How to Unleash Your Most Amazing Self

By Elizabeth Svoboda

Illustrated by Chris Hajny

(Zest Books; $16.99, Ages 10 and up)

 

The Life Heroic book cover

 

Heroes come in all shapes and sizes, and so do heroic actions. The Life Heroic by Elizabeth Svoboda is her first children’s book and follows her adult novel, What Makes a Hero? An award winning science writer, Svoboda weaves what she has learned into stories and books to help kids and adults tap into their highest potential to become everyday heroes.

TheLifeHeroic 00 Intro Ribbon
Interior artwork from The Life Heroic written by Elizabeth Svoboda and illustrated by Chris Hajny, Zest Books ©2019.

The colorful emoji like art created by Chris Hajny is woven into each page with bold print highlighting the sentences meant to leave the reader with the most impact. Chapter 1, “What it Means to be a Hero,” includes the story of Captain Chesley Sullenberger. He successfully landed Flight 1549 after a power loss to the aircraft’s engines forced a Hudson River landing. Sullenberger then worked with his crew to help the passengers get out safely through the cabin’s emergency exits.

Landing a plane in the river is not the only way to be considered a hero, Svoboda explains. Ten-year-old Ethan had traveled to Mozambique with his father. One day, while kicking a soccer ball, Ethan discovered kids in the village lived on less than a dollar a day. Those children had to create makeshift soccer balls out of things like trash bags wrapped in twine. “I thought to myself, I have six or seven soccer balls just sitting in my garage,” so he decided to give his ball as a parting gift. This one gesture gave Ethan the idea to donate soccer balls to the village. Others had a need that he could help fix.  Eventually he created the non-profit Charity Ball, which now donates soccer balls to countries in need around the world.

TheLifeHeroic 07 Chap7 Toolbox
Interior artwork from The Life Heroic written by Elizabeth Svoboda and illustrated by Chris Hajny, Zest Books ©2019.

Each engaging chapter provides ideas on how to find your own heroism.

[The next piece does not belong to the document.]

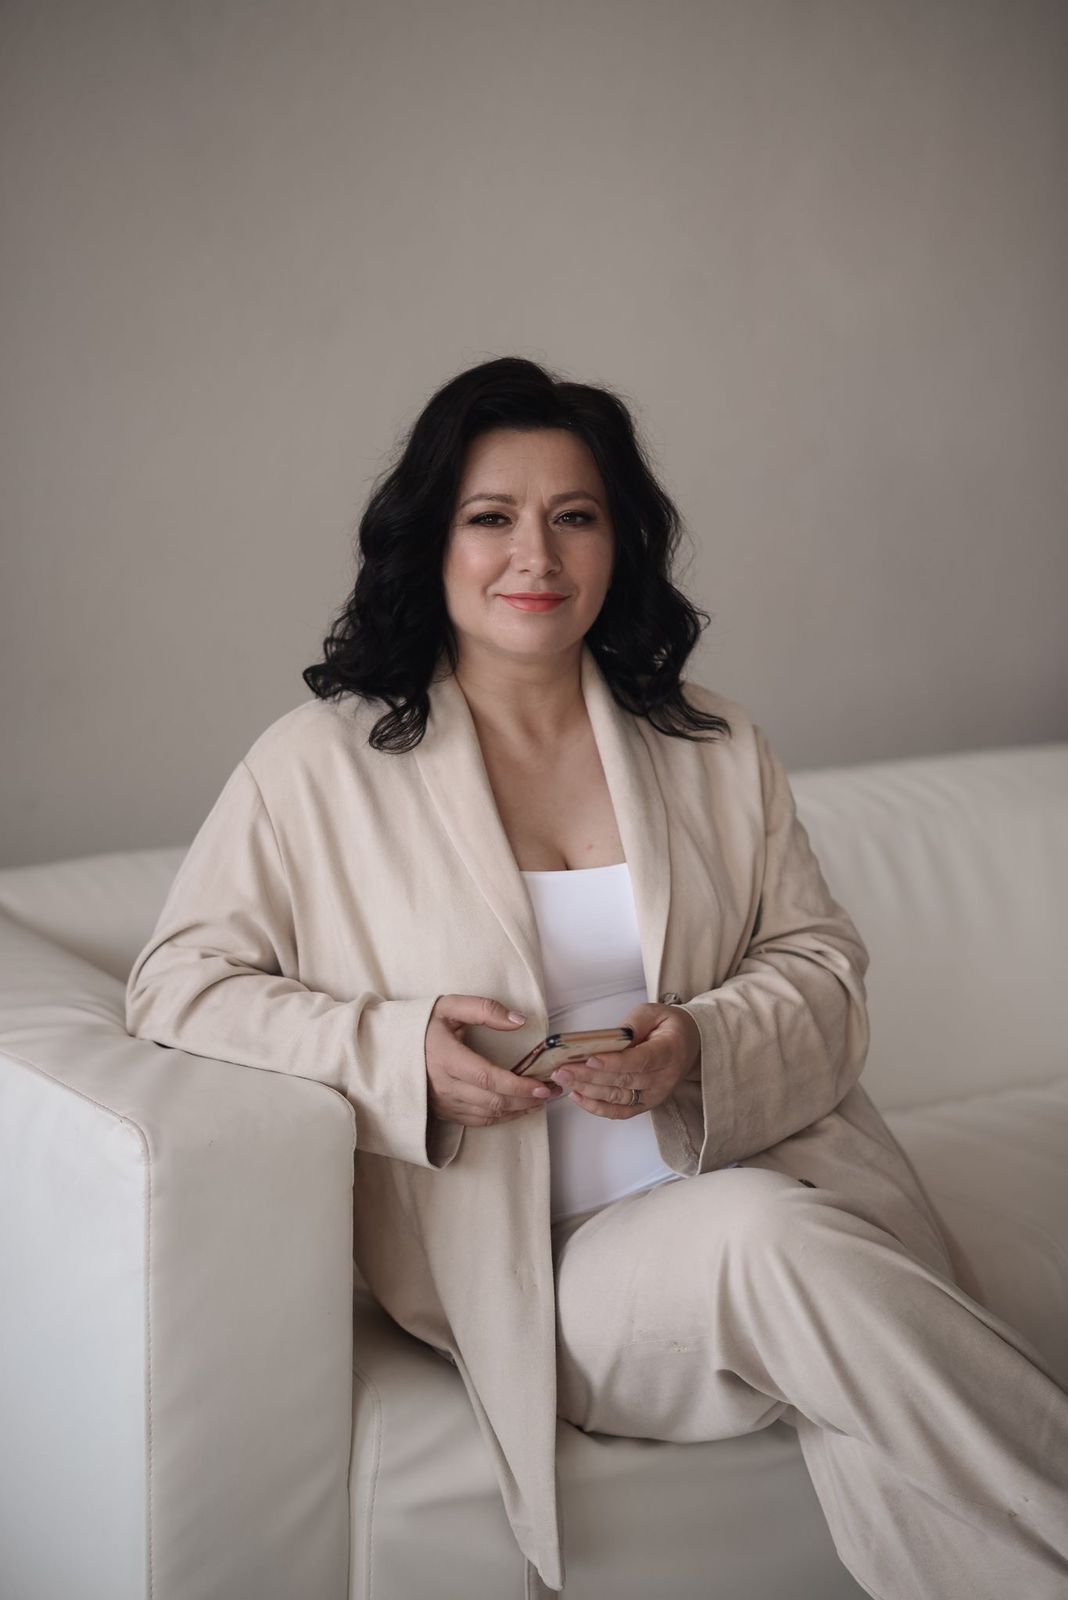 Бизнес-коуч Ирина Гаврилова назвала отличия коучинга от жажды наживы
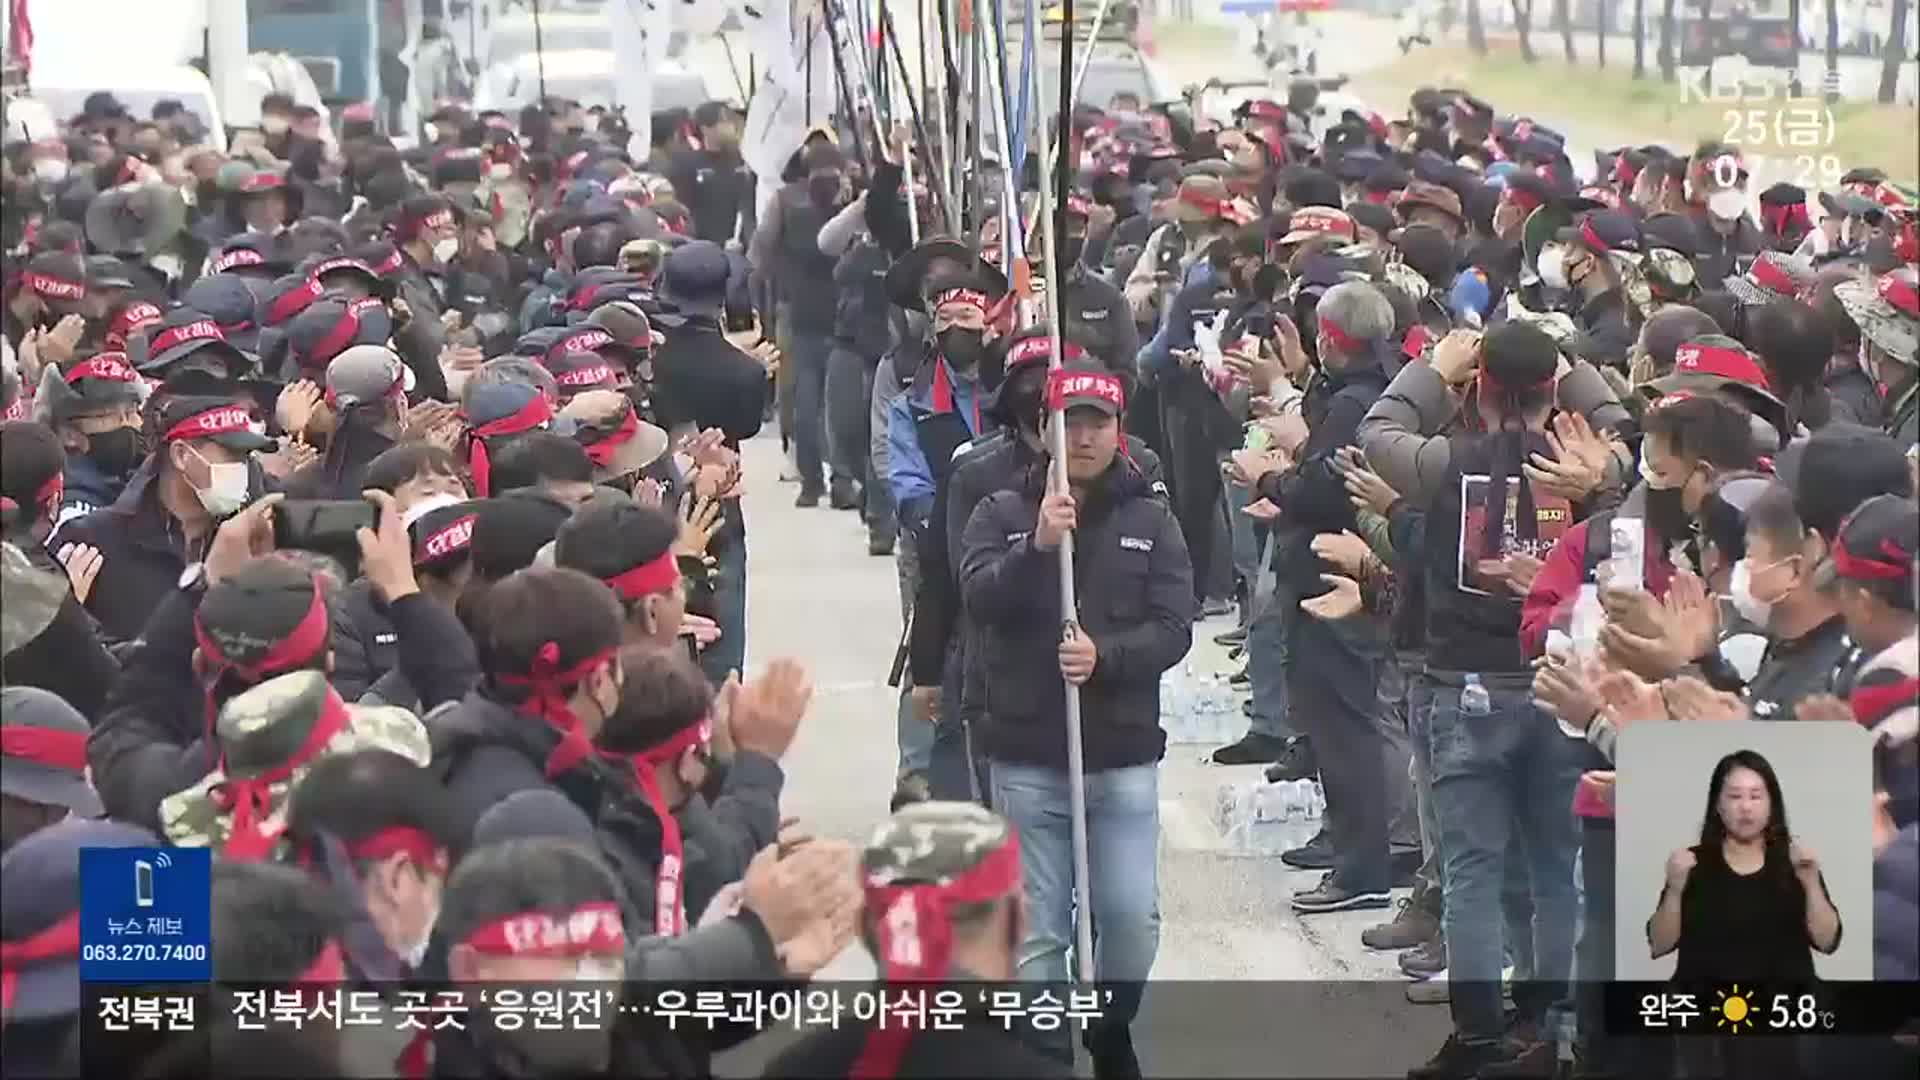 화물연대 다시 파업…전북에서도 2천 대 참가

Chapter 4 is called “Seek Mentors and Role Models.” In it readers are recommended to “always be on the lookout for people whose lives are examples of the way we would like to conduct our own lives, interact with the world, savor joys and overcome challenges.” Svoboda suggests putting a portrait up in your room, or somewhere else you’ll see it often, of your role model so on tough or frustrating days it will help remind you of the heroic qualities you want to demonstrate no matter what challenges you face.

Stories go back and forth from everyday people to heroes from history such as Frederick Douglass. The follow-up section, “Questions for Discussion,” highlights the main talking points of each chapter. For example Chapter 8 talks about how helping others sometimes forces us to face our own pain and hard times. It asks the reader to think about some tough or difficult situations they’ve been through and what advice they would give others going through the same thing.

TheLifeHeroic 07 Chap7 Trophy2
Interior artwork from The Life Heroic written by Elizabeth Svoboda and illustrated by Chris Hajny, Zest Books ©2019.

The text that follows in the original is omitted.